Army chief slammed by teenage climate strikers for 'environmental army' claim
Army chief slammed by teenage climate strikers for 'environmental army' claim
The head of the British army has been criticised for claiming that the army can attract more young recruits by being “environmentally sustainable”.
Ahead of today's climate strikes, young members of the Peace Pledge Union (PPU) accused Mark Carleton-Smith, Chief of the General Staff, of jumping on the bandwagon in a desperate attempt to meet recruitment targets. They pointed out that climate change, war and poverty all fuel each other.
Latest figures suggest the army is 7,000 people short of its recruitment target.
Mark Carleton-Smith said last week that adopting environmental policies would benefit the army “especially in the eyes of that next generation of recruits that increasingly make career decisions based on a prospective employer’s environmental credentials”.

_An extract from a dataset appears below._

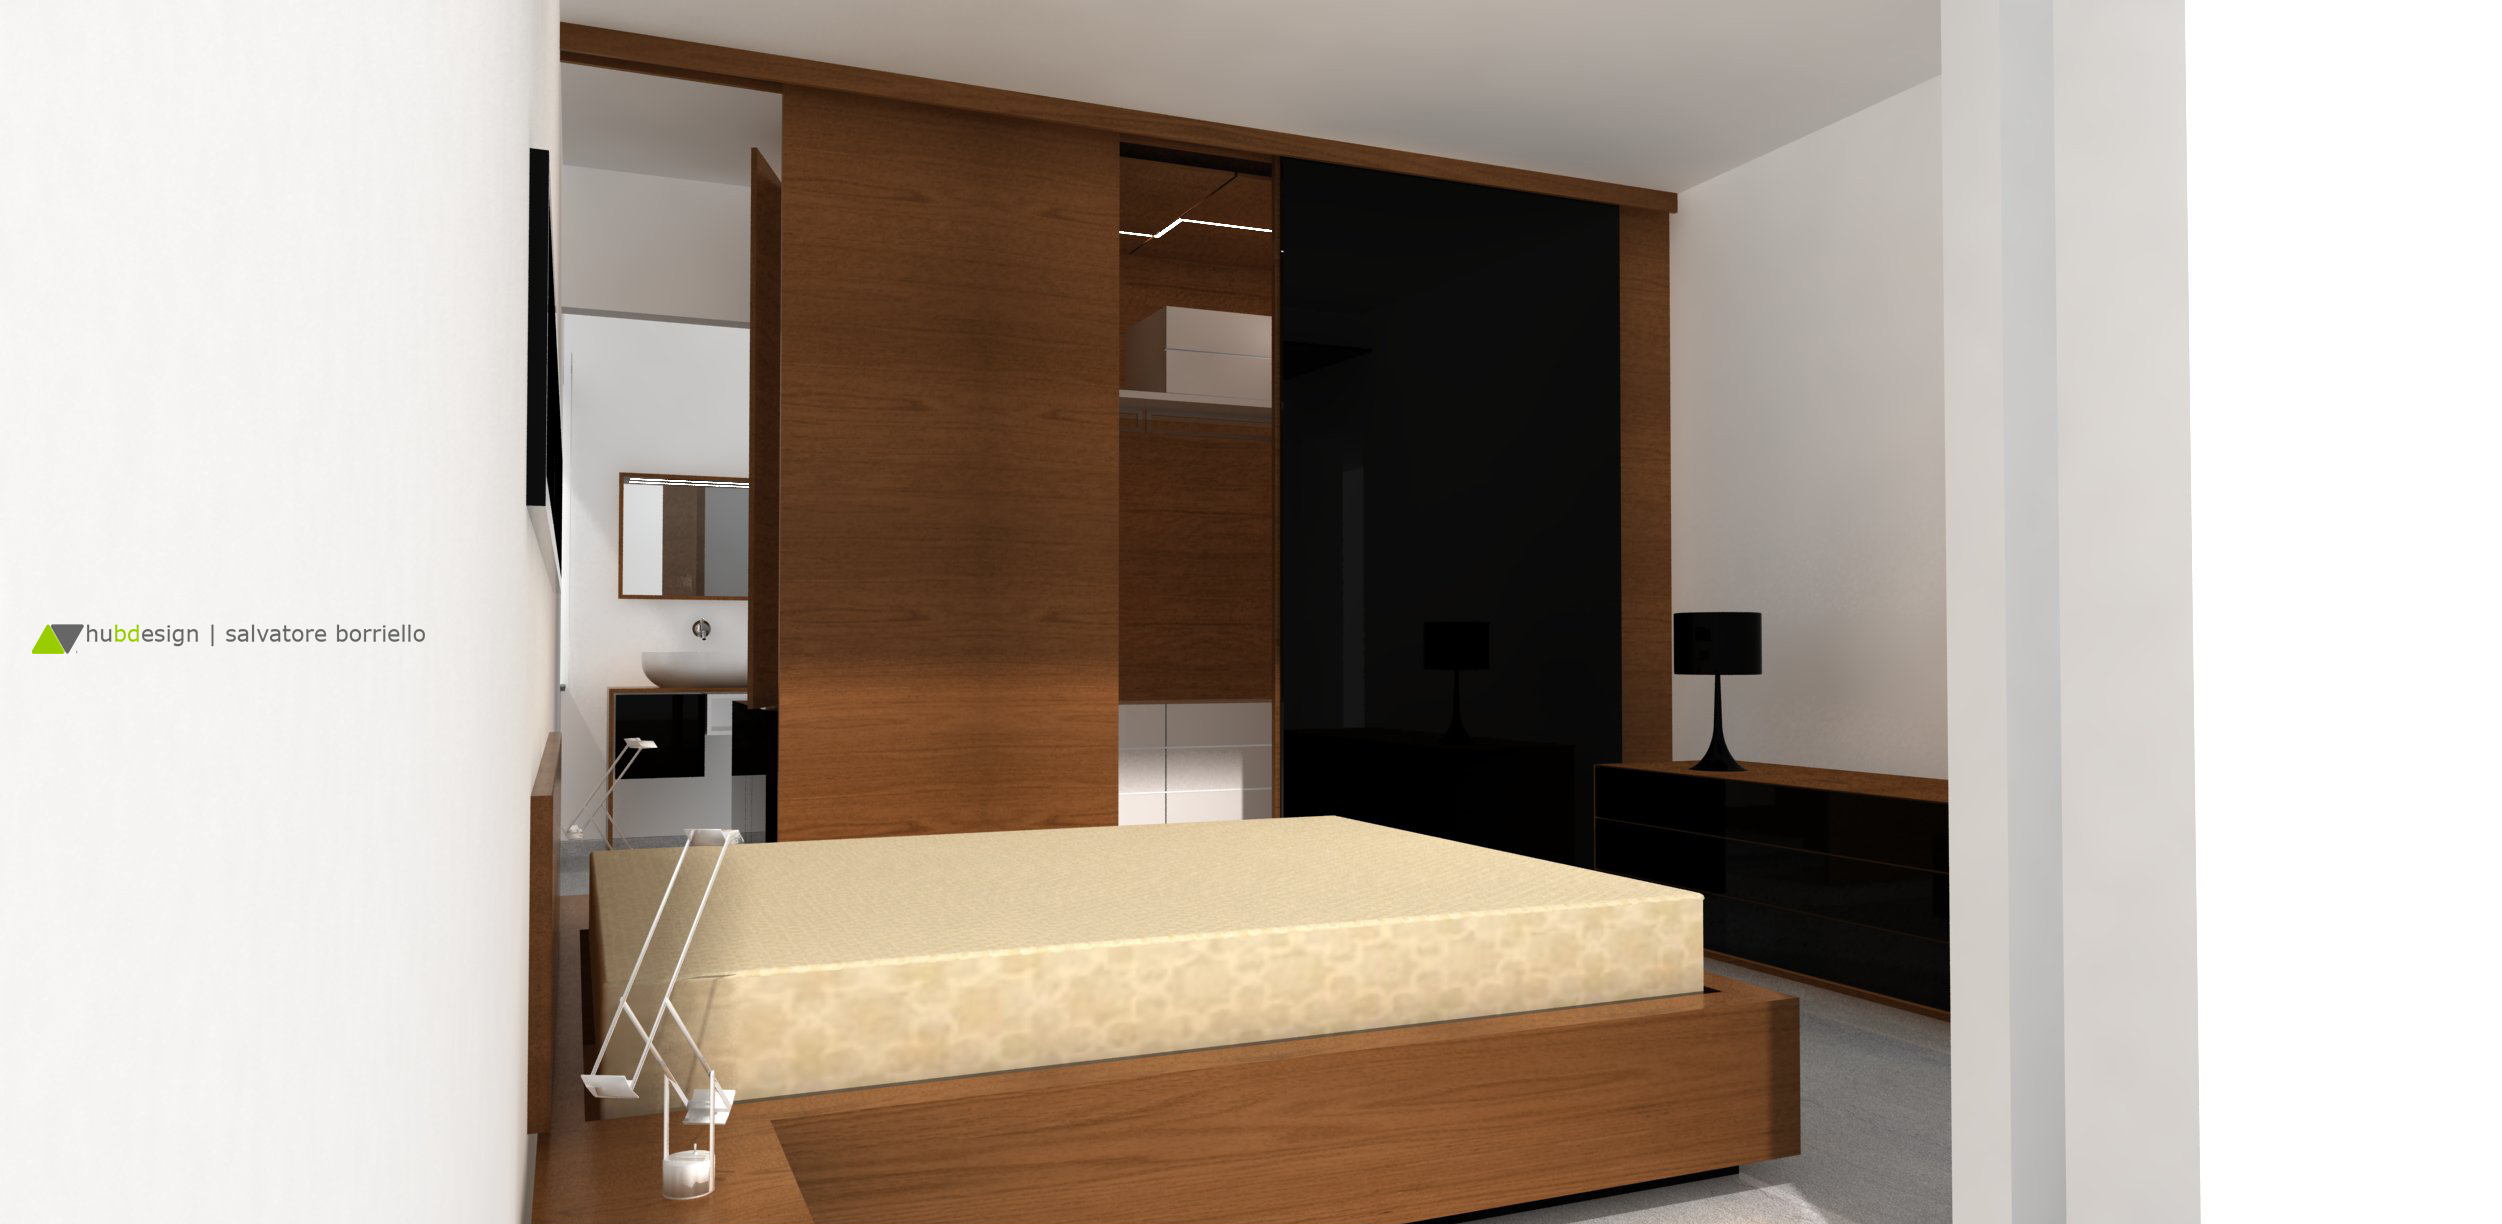 Progetto di interior design per casa spataro for Siti di interior design

But young PPU supporters joining today's climate strikes insisted that the lack of recruits has more to do with young people's recognition that the world's problems cannot be solved by war or by military values such as obedience to authority.
Pacifist and climate striker Anya Ramamurthy, 17, who is on strike from her Sixth Form in London today, said:
“The military trying to recruit us by making themselves more environmentally friendly is disgusting and frankly won't do anything. The military have clearly not listened to our demands! Making yourselves more environmentally friendly is not what we are demanding. We are asking for system change. Without social justice and peace we cannot reach climate justice. We are strong, we are educated, we know our rights and have our own morals! I will not let the military strip me of this.”
PPU member Jay Sutherland, 18, who will join the climate strike in Glasgow today, said:
“There’s nothing green in the arms industry or anything linked to it - which the army obviously is. Young people are not stupid, they will see right through this as they did with the army’s pathetic adverts grouping us into their own categories.”
PPU supporter and climate activist Ahlyah Ali, 24, from Bedfordshire, said:
“Calls for doing what is 'politically feasible', for making incremental changes, are nothing more than lip service when it is clear the only just response to war and the climate crisis is to transform economic and political systems so that they put people and planet first. Business as usual is death; this is the reality we're drawing attention to today.”
The Peace Pledge Union is a UK-based pacifist network. PPU members work with pacifists and anti-militarists around the world through War Resisters' International.
The PPU welcomes today's climate strikes as an example of nonviolent resistance, and backs calls for peace activists and climate campaigners to work together.